— Все равно теперь уж. Туда ли, здесь ли оставаться, раз нельзя на родину, — апатично отозвалась ей в ответ девушка.
Но ехать ей не пришлось. Наступило завтра, и новые события наступили вместе с ним.
Стояло яркое, радостное июльское утро. Еще накануне этого дня пробежали смутные слухи о событиях огромной важности в городе. И вся столица встрепенулась, как один человек.
Германия объявила войну России. В это самое утро и появился в печати Высочайший манифест о ней к народу. Зазвучали колокола в церквах и соборах. Шумные толпы залили улицы. Всюду на углах их и перекрестках собирались группы оживленно беседующих мужчин и женщин. Толковали горячо и громко о надвигающихся грозных событиях. Произносилось имя Верховного Главнокомандующего Великого князя Николая Николаевича, назначенного Государем. Шли бурные толки о вероломных претензиях германского и австрийского монархов. A огромный Исаакиевский колокол все гудел и гудел, не переставая. Отошла Достойная, пропели последние тропари, и народ валом повалил на площадь. В одно мгновение ока там образовалась огромная, пестрая толпа народа. Появились национальные и сербские флаги. Заколыхались знамена с надписями на них: «Да здравствует Россия!», «Да здравствует Сербия!»

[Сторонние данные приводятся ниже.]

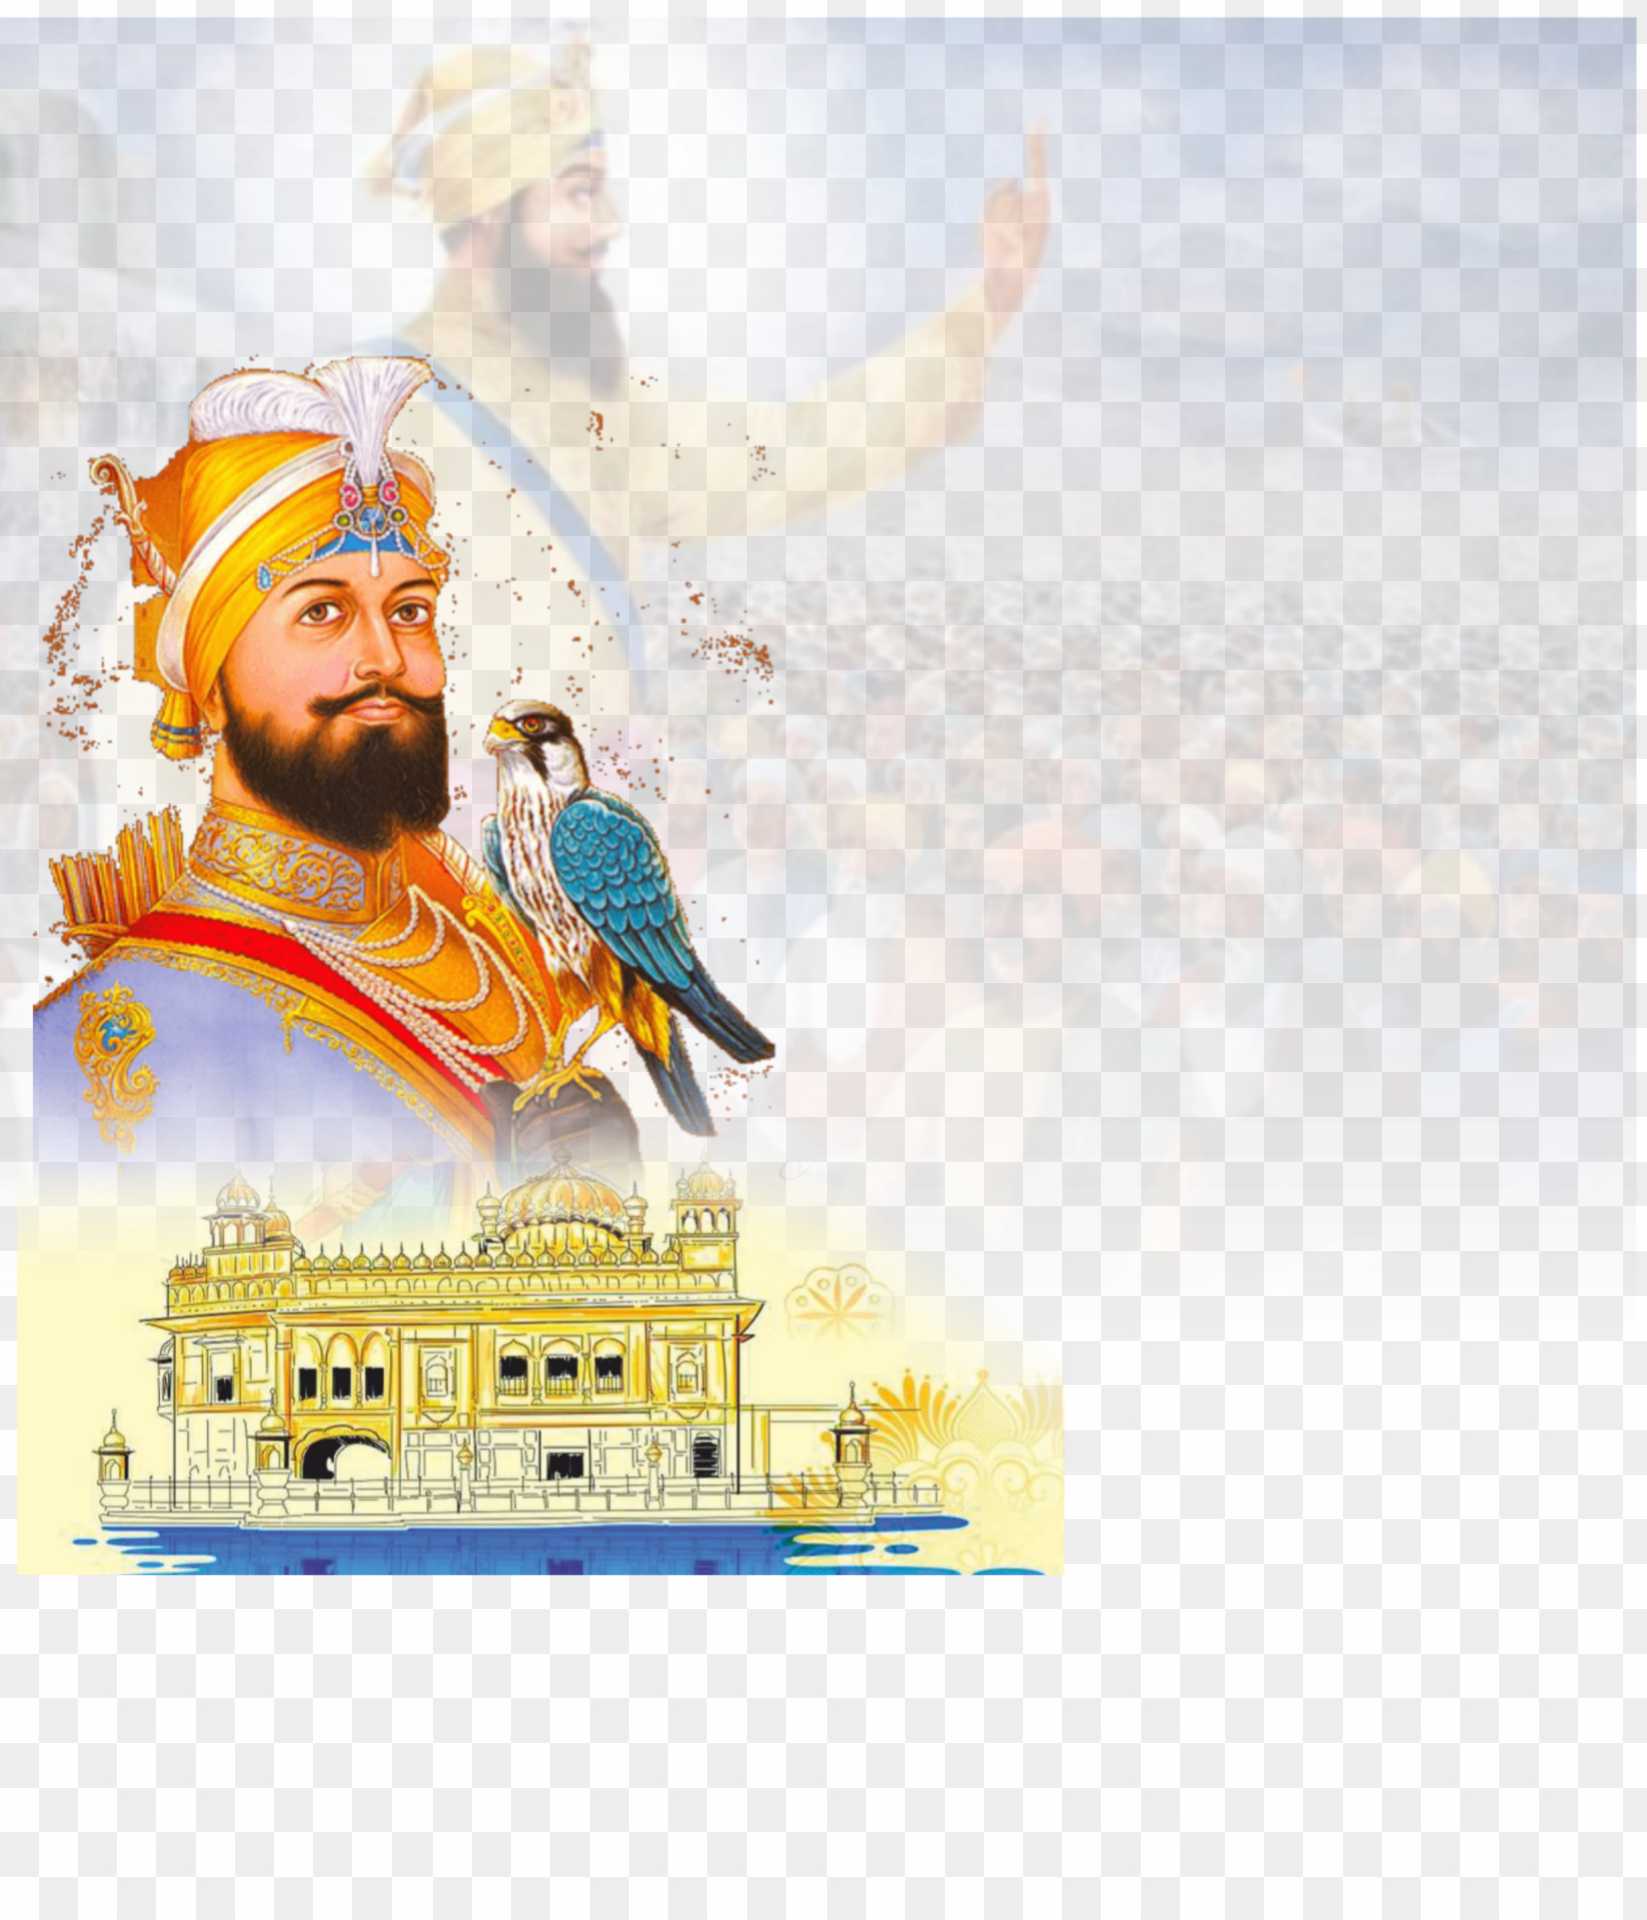 Guru Govind Singh background PNG images

A толпа манифестантов все росла и росла с каждой минутой, с каждой секундой. Вдруг стройно и звонко запели молодые, сильные голоса. Их подхватили другие, и волной покатился национальный гимн по залитым знойным июльским солнцем улицам.
Милица вместе с тетей Родайкой, отстояв обедню и молебен в соборе, вышла на церковную паперть в тесных рядах толпы. Её глаза всегда задумчивые, с затаенной в них грустью, сейчас светились радостными огнями, вызванными всеобщим подъемом и воодушевлением. Её губы улыбались. Рука, крепко прижимавшая к себе руку тети Родайки, заметно дрожала.
И вот, подобно легкому ропоту прибившегося к берегу вала, пронеслись по толпе крылатые слова…
— Государь в Зимнем Дворце… Государь покажется нынче народу…
Что-то необъяснимое произошло вслед за этим. Громовое ура загремело по всей улице… Сильнее заколыхались флаги и знамена над головами манифестантов, и сами манифестанты, почти бегом, направились ко дворцу. Те, что сходили с паперти, хлынули на улицу, унося за собой целые потоки народа. Точно какие-то невидимые крылья подхватили Милицу и разъединили ее с её спутницей. Девушка не успела произнести ни слова, как очутилась далеко-далеко от тети Родайки, потерявшей ее в толпе.
— Ура! Ko дворцу!.. Да здравствует Государь Император!.. — кричали до хрипоты манифестанты, и снова стройным хором понеслось навстречу небу и солнцу, белым облакам и колокольному звону «Боже, Царя храни»…
* * *Милица опомнилась только на площади перед колоссальным зданием дворца. Теперь многотысячная толпа народа заливала эту площадь… На балконах, в окнах, даже на крышах домов копошились люди… Над Зимним Дворцом развевался Императорский штандарт. Золотом отливало его желтое поле и как-то особенно ярко и знаменательно выделялся изображенный на нем двуглавый орел. Тихо шелестели и самодельные знамена, и стройно колыхались над толпой национальные на высоких древках флаги. A над дворцом и площадью безмятежно синело жаркое июльское небо и золотое солнце радостно смеялось среди синих небес. Двери балкона во дворце были раскрыты настежь и каким-то многообещающим казался народу их широкий просвет.
— Государь выйдет на балкон! — снова пронеслось животрепещущей вестью в народе. И теснее сдвинулись его и без того тесные ряды. Высоко, в голубое пространство уходила гранитная Александровская колонна — символ победы и славы могучего русского воинства. Как-то невольно глаза обращались к ней и приходили в голову мысли о новой победе, о новой славе.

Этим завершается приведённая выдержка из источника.